** Your task **
Before copying, find the line below that contains "Imagen de la"; then return it and all later lines exactly, up to and including the final line, with no pictures.

** Available data **
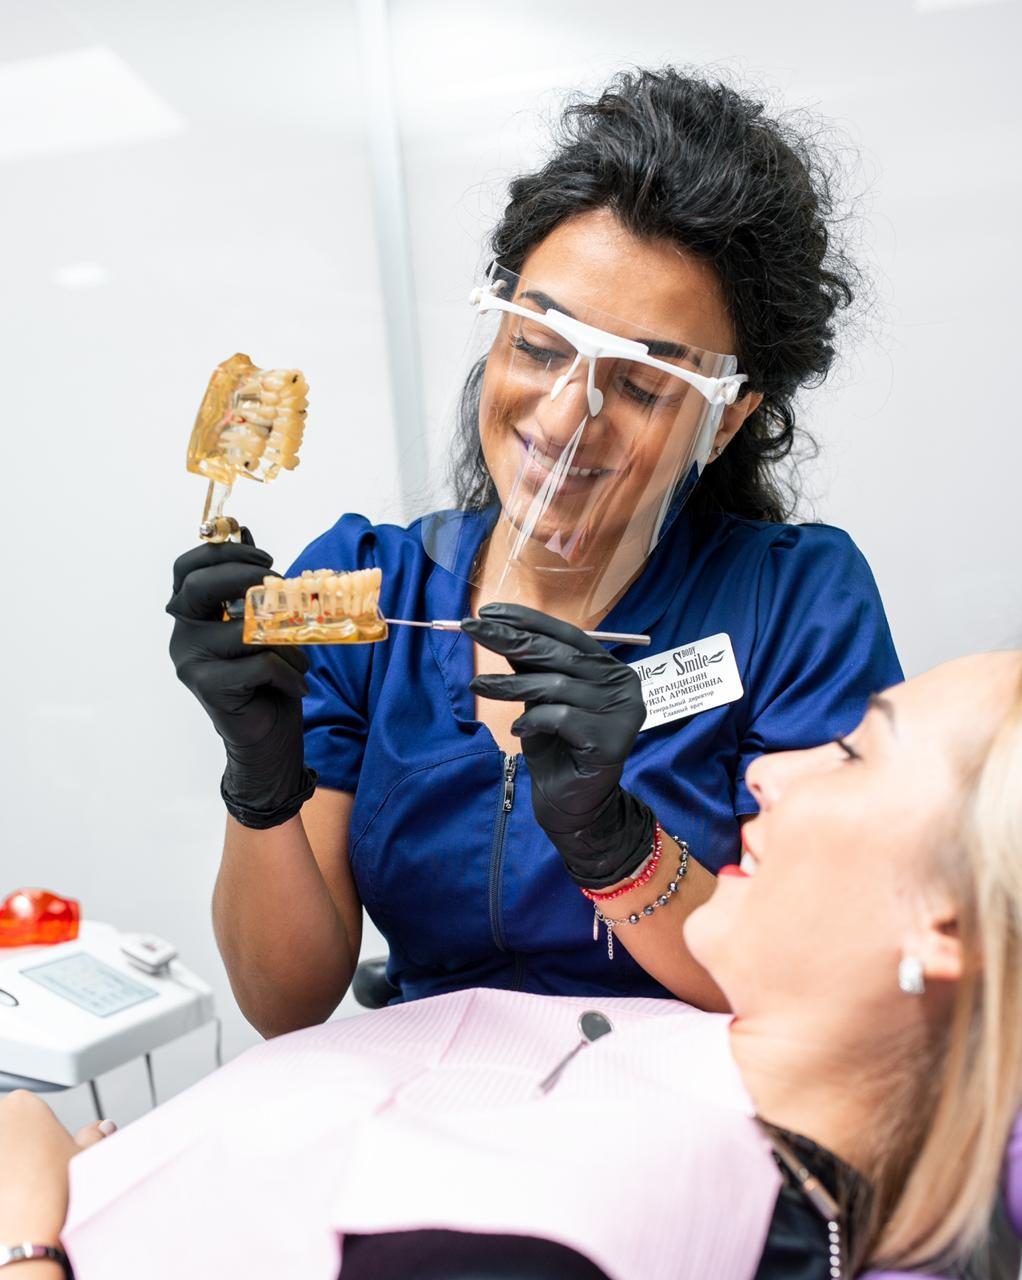 Отбеливание зубов — это вредно? Известный стоматолог рассказала всю правду о самой популярной процедуре
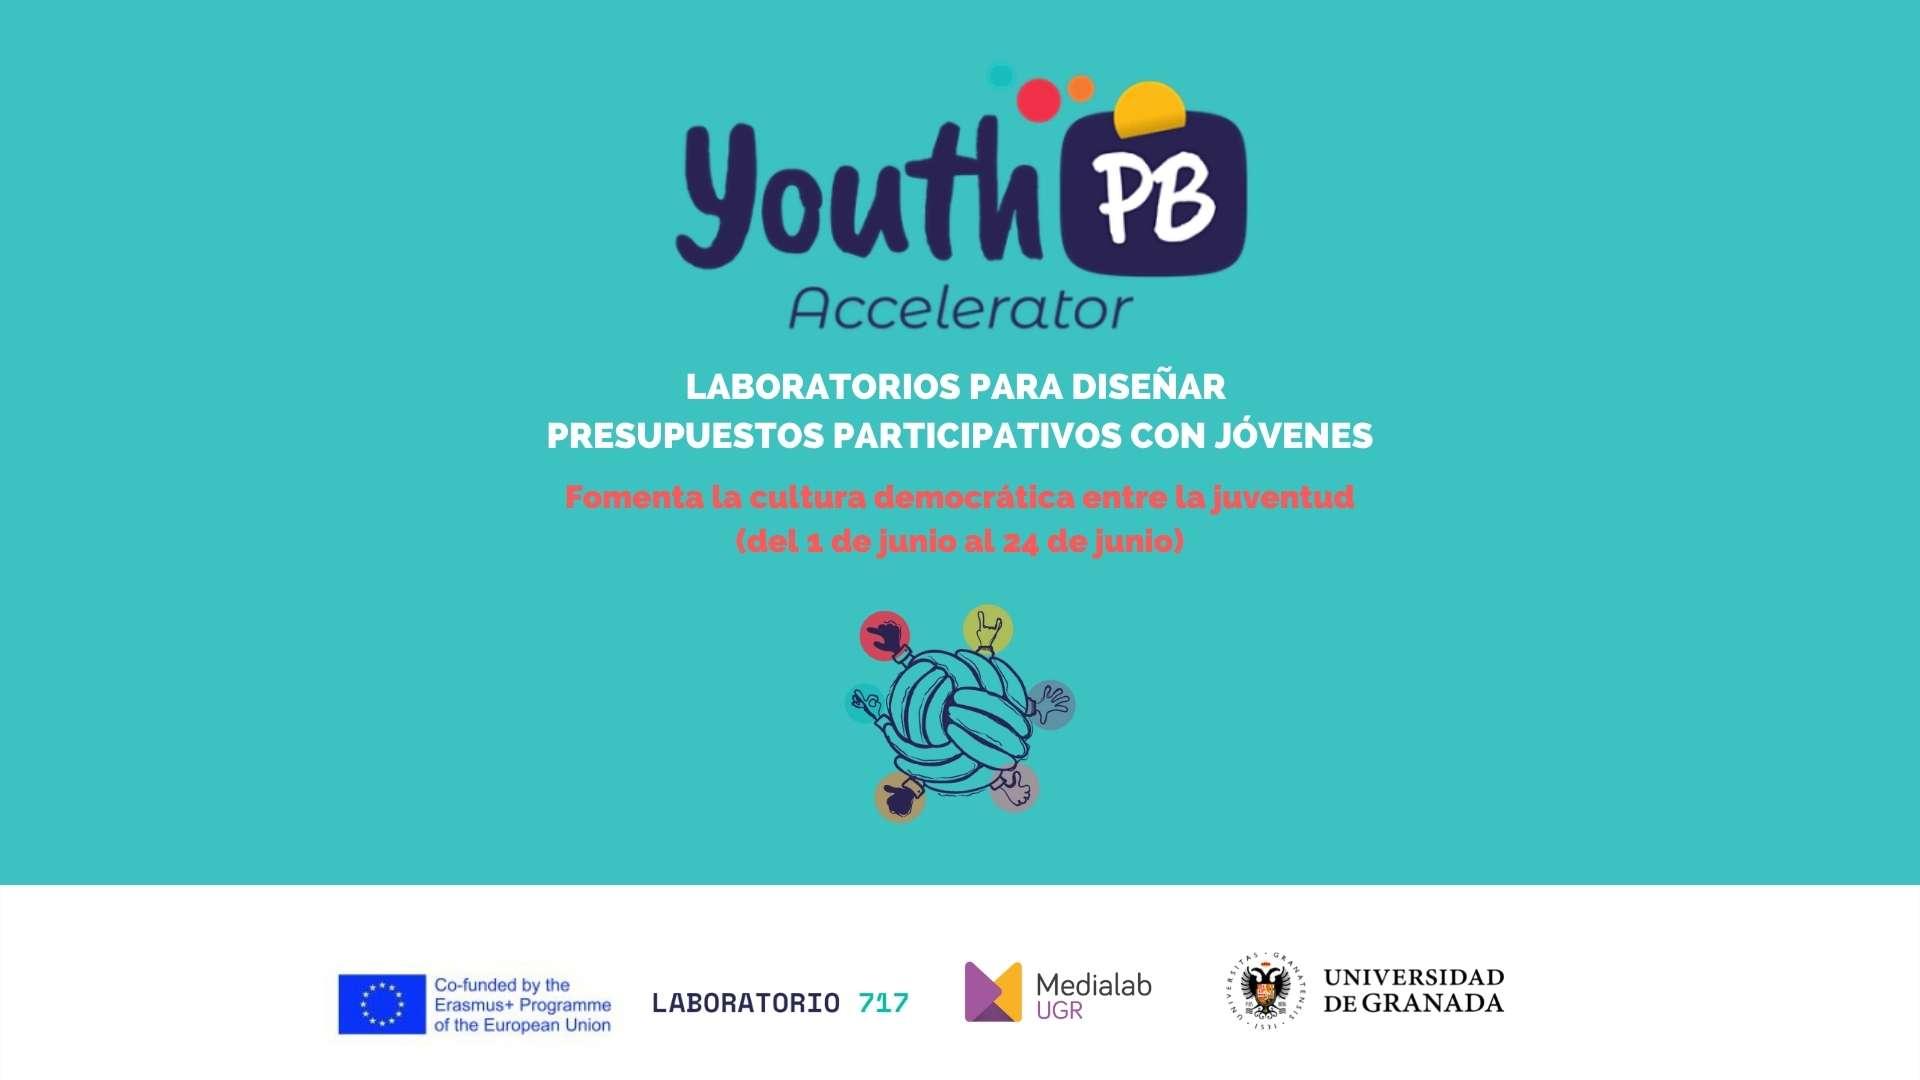 Imagen de la noticia Crónica de la convocatoria presupuestos participativos y juventud
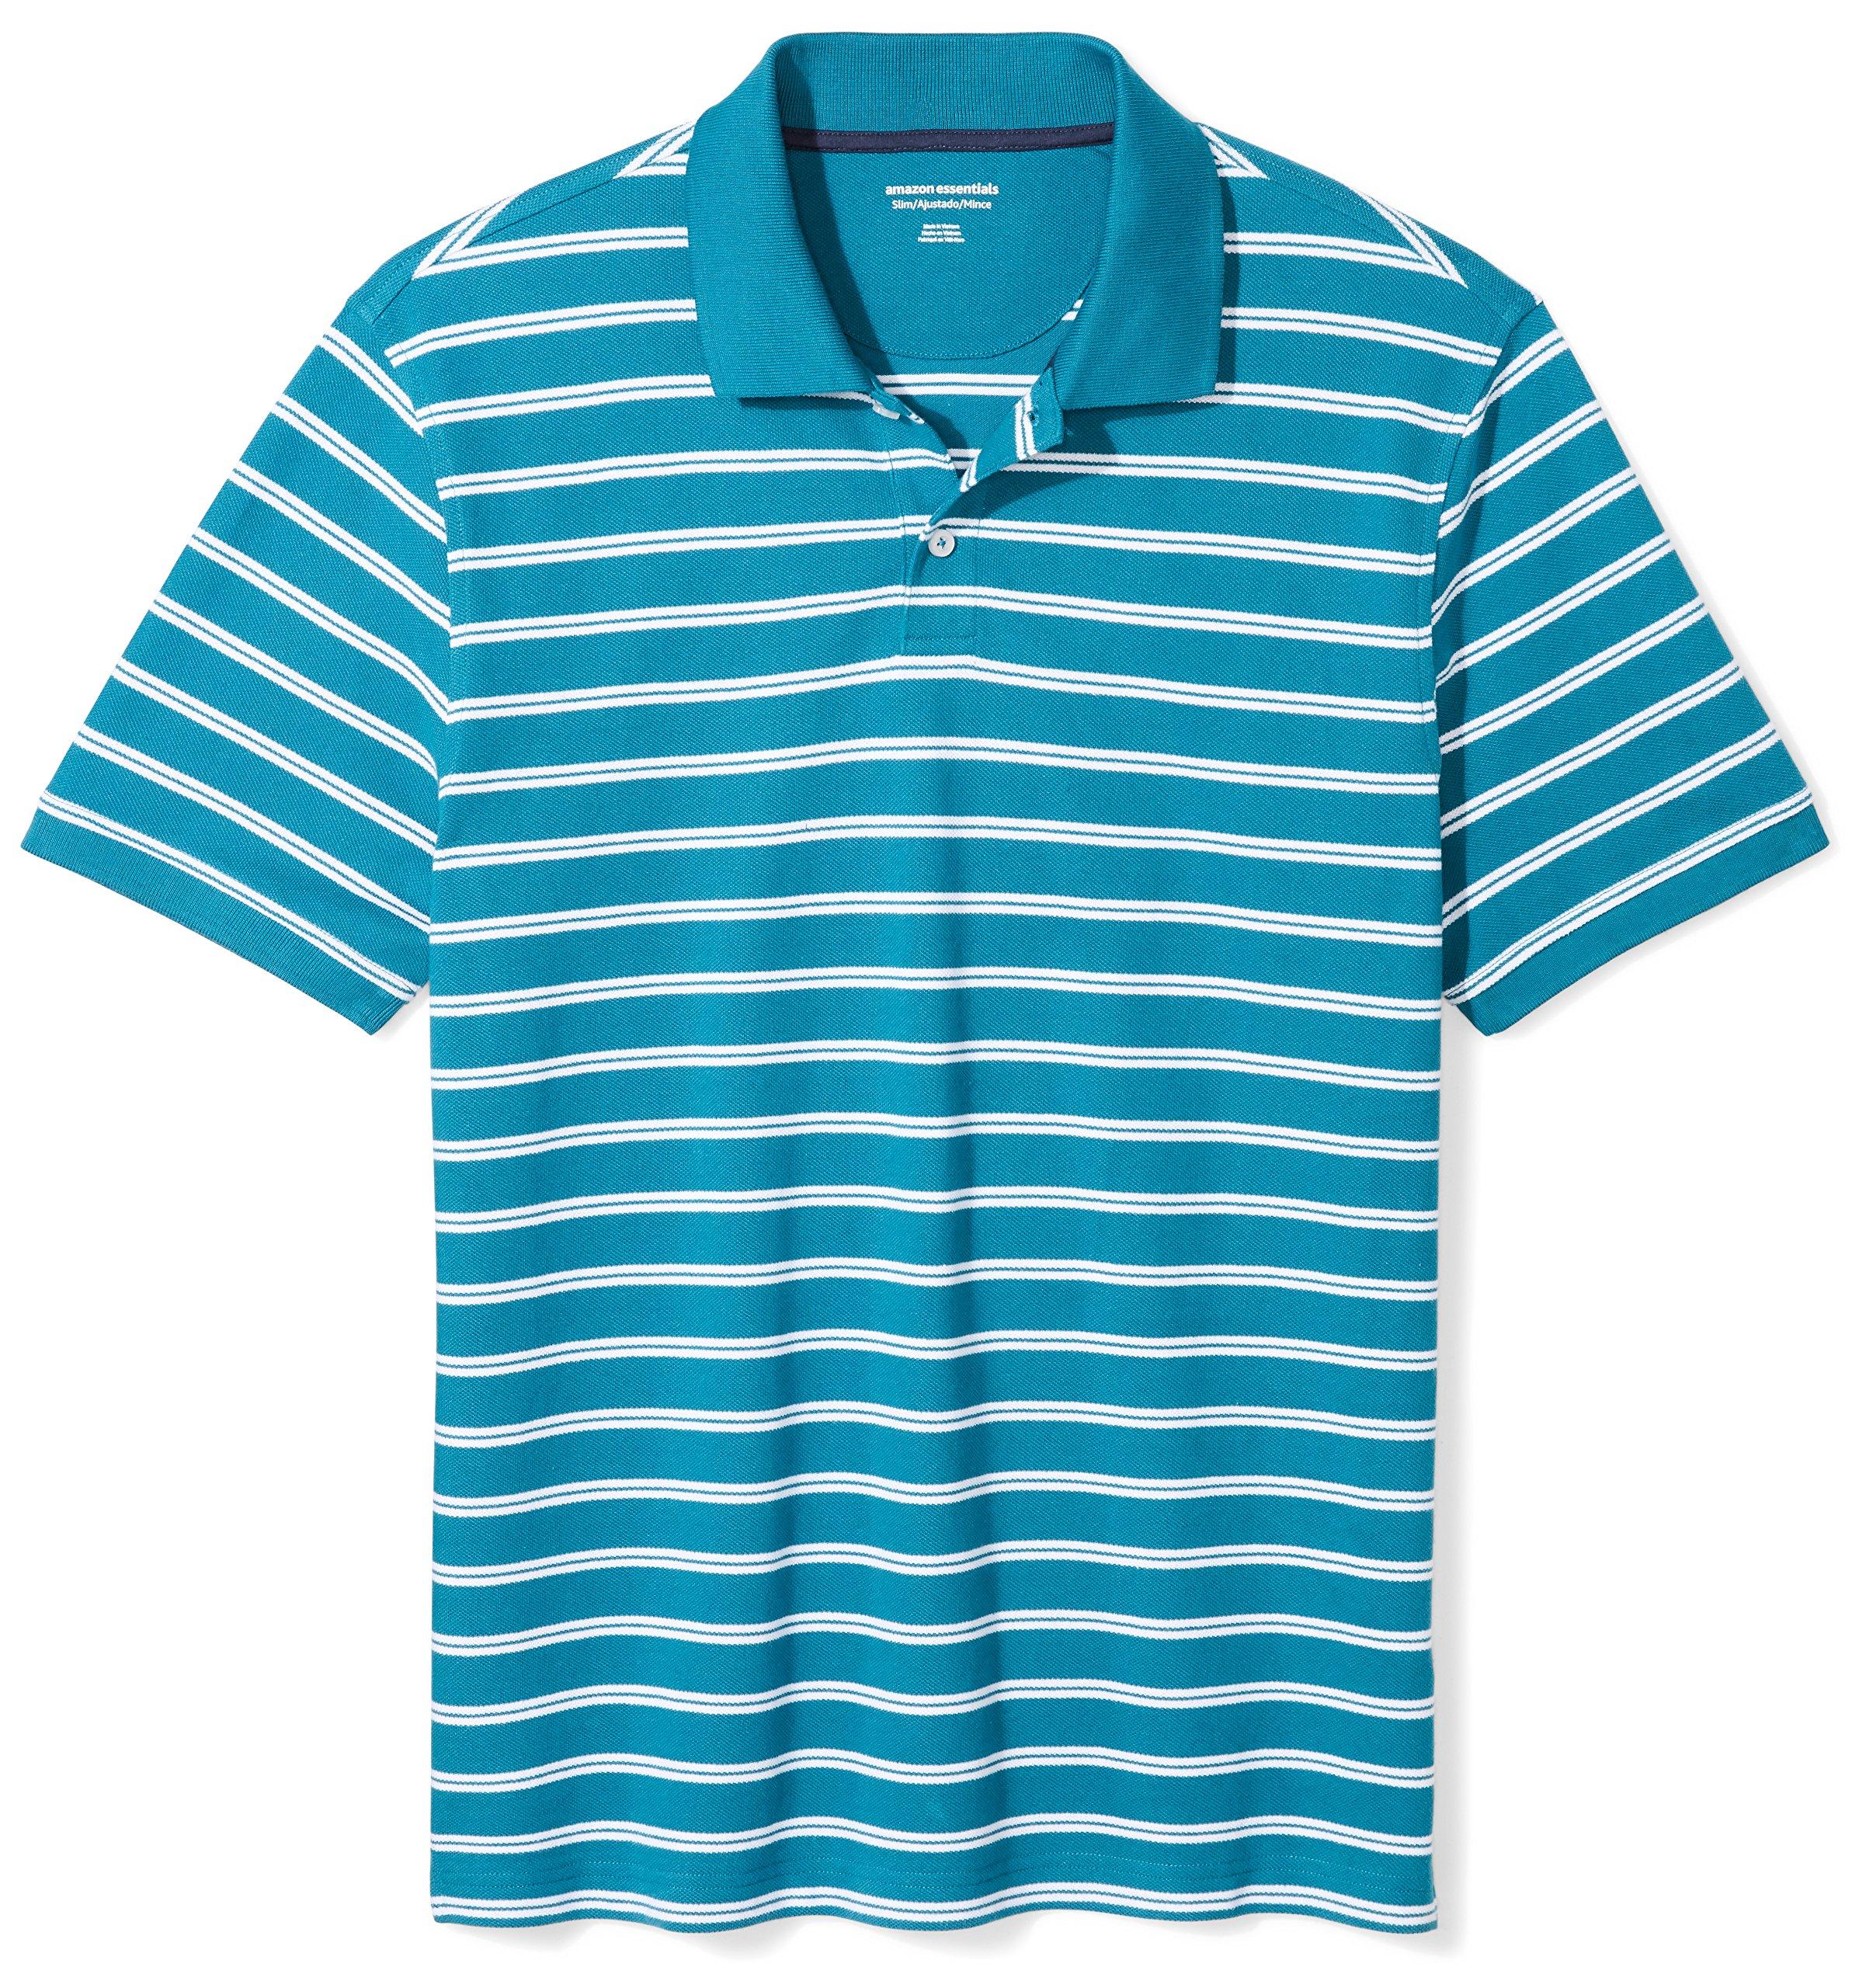 Amazon Essentials Men's Slim-Fit Striped Cotton Pique Polo Shirt, Teal Stripe, XX-Large

** Task response **
 Imagen de la noticia Crónica de la convocatoria presupuestos participativos y juventud
 Amazon Essentials Men's Slim-Fit Striped Cotton Pique Polo Shirt, Teal Stripe, XX-Large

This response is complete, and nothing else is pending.